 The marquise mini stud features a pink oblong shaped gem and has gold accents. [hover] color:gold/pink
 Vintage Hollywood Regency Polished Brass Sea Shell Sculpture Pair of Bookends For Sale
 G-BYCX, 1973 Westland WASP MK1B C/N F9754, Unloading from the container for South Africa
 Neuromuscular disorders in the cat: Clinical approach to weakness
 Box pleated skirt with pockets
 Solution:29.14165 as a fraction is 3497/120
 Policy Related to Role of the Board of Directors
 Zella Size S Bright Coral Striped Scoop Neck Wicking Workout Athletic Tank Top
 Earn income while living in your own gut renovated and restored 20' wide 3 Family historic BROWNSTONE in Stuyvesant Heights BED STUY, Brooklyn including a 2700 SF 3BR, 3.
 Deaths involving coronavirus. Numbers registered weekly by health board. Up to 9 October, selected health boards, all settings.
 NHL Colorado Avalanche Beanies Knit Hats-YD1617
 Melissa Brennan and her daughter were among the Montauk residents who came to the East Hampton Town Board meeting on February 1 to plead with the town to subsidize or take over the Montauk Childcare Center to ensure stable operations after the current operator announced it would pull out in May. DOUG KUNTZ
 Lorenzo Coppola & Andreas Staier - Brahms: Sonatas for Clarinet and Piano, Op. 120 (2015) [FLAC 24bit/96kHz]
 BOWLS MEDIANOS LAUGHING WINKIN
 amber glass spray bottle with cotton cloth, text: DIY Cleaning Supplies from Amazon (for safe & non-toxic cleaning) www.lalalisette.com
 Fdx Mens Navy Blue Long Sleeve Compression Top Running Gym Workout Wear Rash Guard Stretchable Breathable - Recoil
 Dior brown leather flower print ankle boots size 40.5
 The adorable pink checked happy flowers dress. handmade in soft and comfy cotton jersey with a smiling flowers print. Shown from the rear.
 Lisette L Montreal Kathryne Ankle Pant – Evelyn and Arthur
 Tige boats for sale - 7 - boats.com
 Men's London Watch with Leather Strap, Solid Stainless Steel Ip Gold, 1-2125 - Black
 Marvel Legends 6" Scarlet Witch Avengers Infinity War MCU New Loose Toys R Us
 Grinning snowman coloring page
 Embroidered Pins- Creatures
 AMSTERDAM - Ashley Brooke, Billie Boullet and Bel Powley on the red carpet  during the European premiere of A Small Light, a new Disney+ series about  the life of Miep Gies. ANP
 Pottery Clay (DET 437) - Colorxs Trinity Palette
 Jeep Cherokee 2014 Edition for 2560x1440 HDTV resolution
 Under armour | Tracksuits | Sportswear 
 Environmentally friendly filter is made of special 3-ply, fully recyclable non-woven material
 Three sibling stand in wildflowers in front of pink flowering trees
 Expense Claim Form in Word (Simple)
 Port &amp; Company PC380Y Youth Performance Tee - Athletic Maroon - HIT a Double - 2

◆ Assignment ◆
Please copy out the records exactly as they appear.

◆ The answer ◆
 The marquise mini stud features a pink oblong shaped gem and has gold accents. [hover] color:gold/pink
 Vintage Hollywood Regency Polished Brass Sea Shell Sculpture Pair of Bookends For Sale
 G-BYCX, 1973 Westland WASP MK1B C/N F9754, Unloading from the container for South Africa
 Neuromuscular disorders in the cat: Clinical approach to weakness
 Box pleated skirt with pockets
 Solution:29.14165 as a fraction is 3497/120
 Policy Related to Role of the Board of Directors
 Zella Size S Bright Coral Striped Scoop Neck Wicking Workout Athletic Tank Top
 Earn income while living in your own gut renovated and restored 20' wide 3 Family historic BROWNSTONE in Stuyvesant Heights BED STUY, Brooklyn including a 2700 SF 3BR, 3.
 Deaths involving coronavirus. Numbers registered weekly by health board. Up to 9 October, selected health boards, all settings.
 NHL Colorado Avalanche Beanies Knit Hats-YD1617
 Melissa Brennan and her daughter were among the Montauk residents who came to the East Hampton Town Board meeting on February 1 to plead with the town to subsidize or take over the Montauk Childcare Center to ensure stable operations after the current operator announced it would pull out in May. DOUG KUNTZ
 Lorenzo Coppola & Andreas Staier - Brahms: Sonatas for Clarinet and Piano, Op. 120 (2015) [FLAC 24bit/96kHz]
 BOWLS MEDIANOS LAUGHING WINKIN
 amber glass spray bottle with cotton cloth, text: DIY Cleaning Supplies from Amazon (for safe & non-toxic cleaning) www.lalalisette.com
 Fdx Mens Navy Blue Long Sleeve Compression Top Running Gym Workout Wear Rash Guard Stretchable Breathable - Recoil
 Dior brown leather flower print ankle boots size 40.5
 The adorable pink checked happy flowers dress. handmade in soft and comfy cotton jersey with a smiling flowers print. Shown from the rear.
 Lisette L Montreal Kathryne Ankle Pant – Evelyn and Arthur
 Tige boats for sale - 7 - boats.com
 Men's London Watch with Leather Strap, Solid Stainless Steel Ip Gold, 1-2125 - Black
 Marvel Legends 6" Scarlet Witch Avengers Infinity War MCU New Loose Toys R Us
 Grinning snowman coloring page
 Embroidered Pins- Creatures
 AMSTERDAM - Ashley Brooke, Billie Boullet and Bel Powley on the red carpet  during the European premiere of A Small Light, a new Disney+ series about  the life of Miep Gies. ANP
 Pottery Clay (DET 437) - Colorxs Trinity Palette
 Jeep Cherokee 2014 Edition for 2560x1440 HDTV resolution
 Under armour | Tracksuits | Sportswear 
 Environmentally friendly filter is made of special 3-ply, fully recyclable non-woven material
 Three sibling stand in wildflowers in front of pink flowering trees
 Expense Claim Form in Word (Simple)
 Port &amp; Company PC380Y Youth Performance Tee - Athletic Maroon - HIT a Double - 2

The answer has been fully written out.